Image: CC BY-SA 3.0, Credit: josefstuefer


Spotting a “Road Work Ahead” sign is enough to make any driver groan or nervously clutch her steering wheel. These warnings are meant to ensure people’s safety, yet they often also come with a myriad of traffic problems: congestion, noise, car wrecks, etc. In cities especially, orange cones are littered everywhere, causing copious delays and all for the sake of further “improvement” projects.
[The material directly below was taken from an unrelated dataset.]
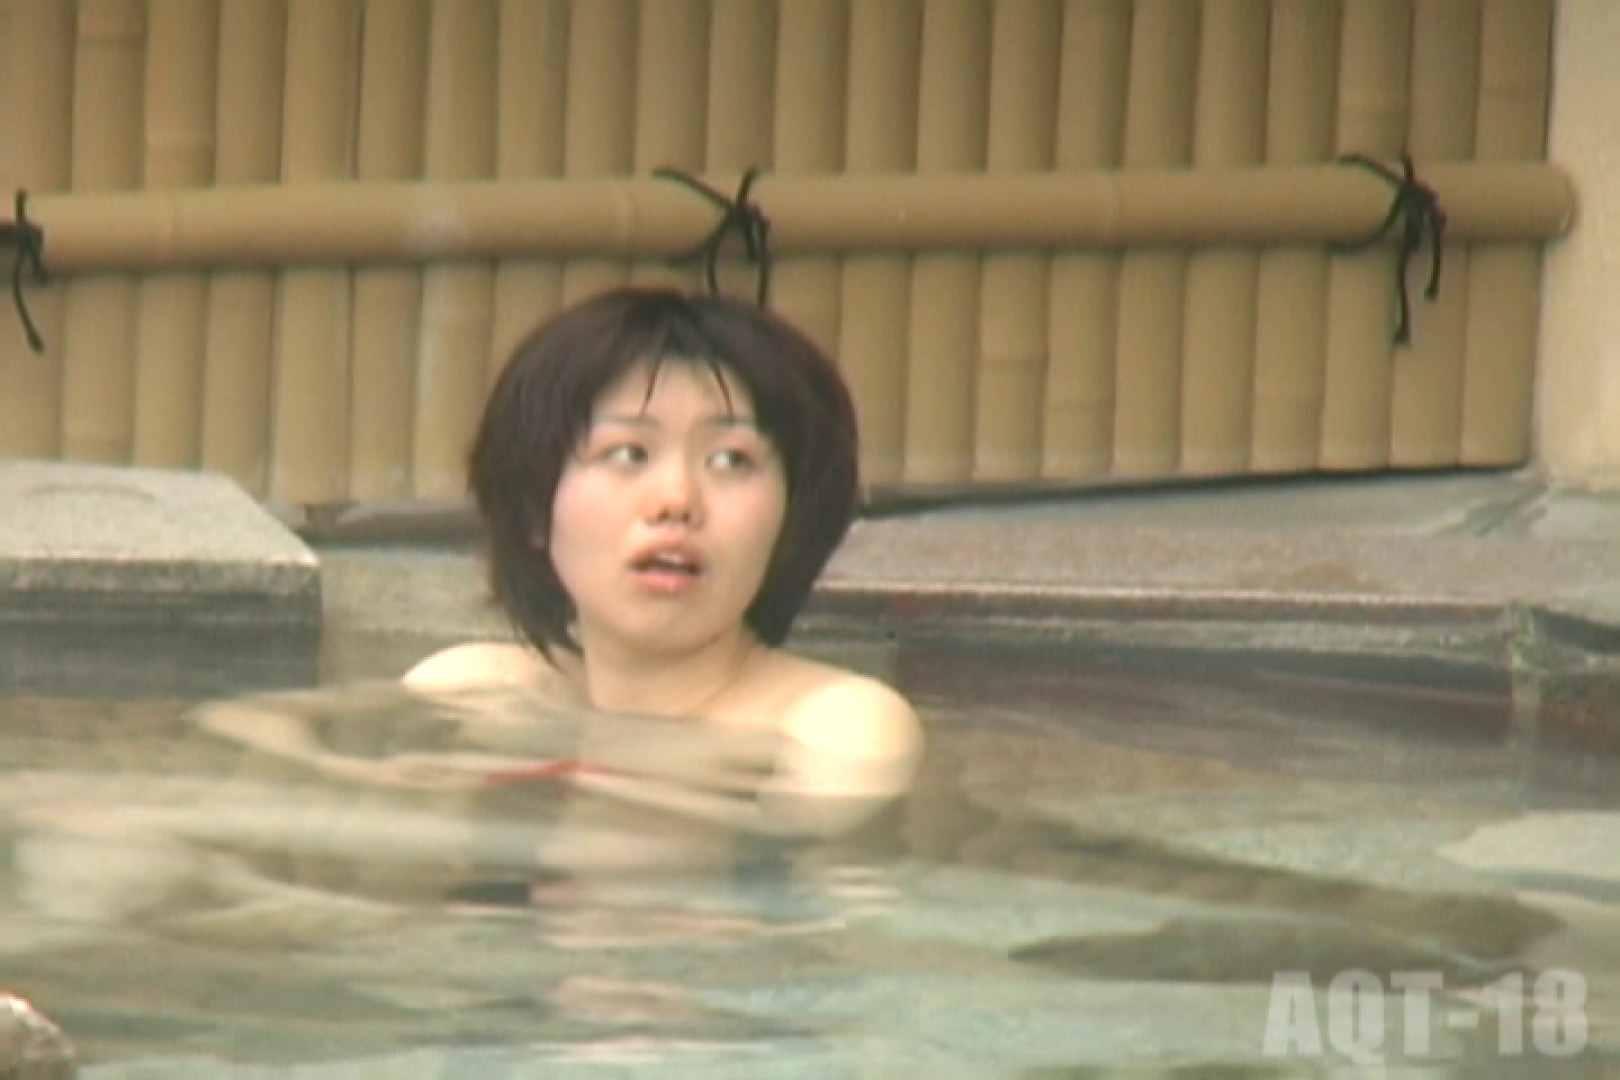 Aquaな露天風呂Vol.861 0  87連発 4

While infrastructure repair is an ongoing necessity, these endless construction headaches are symptomatic of something deeper: A fruitless scramble to accommodate our growing numbers. More people means more cement. More cement means more traffic, more pollution, and higher demands on our resources. We build out and up with total disregard for the impact on our quality of life, the survival of wildlife, and the sustainability of our water resources.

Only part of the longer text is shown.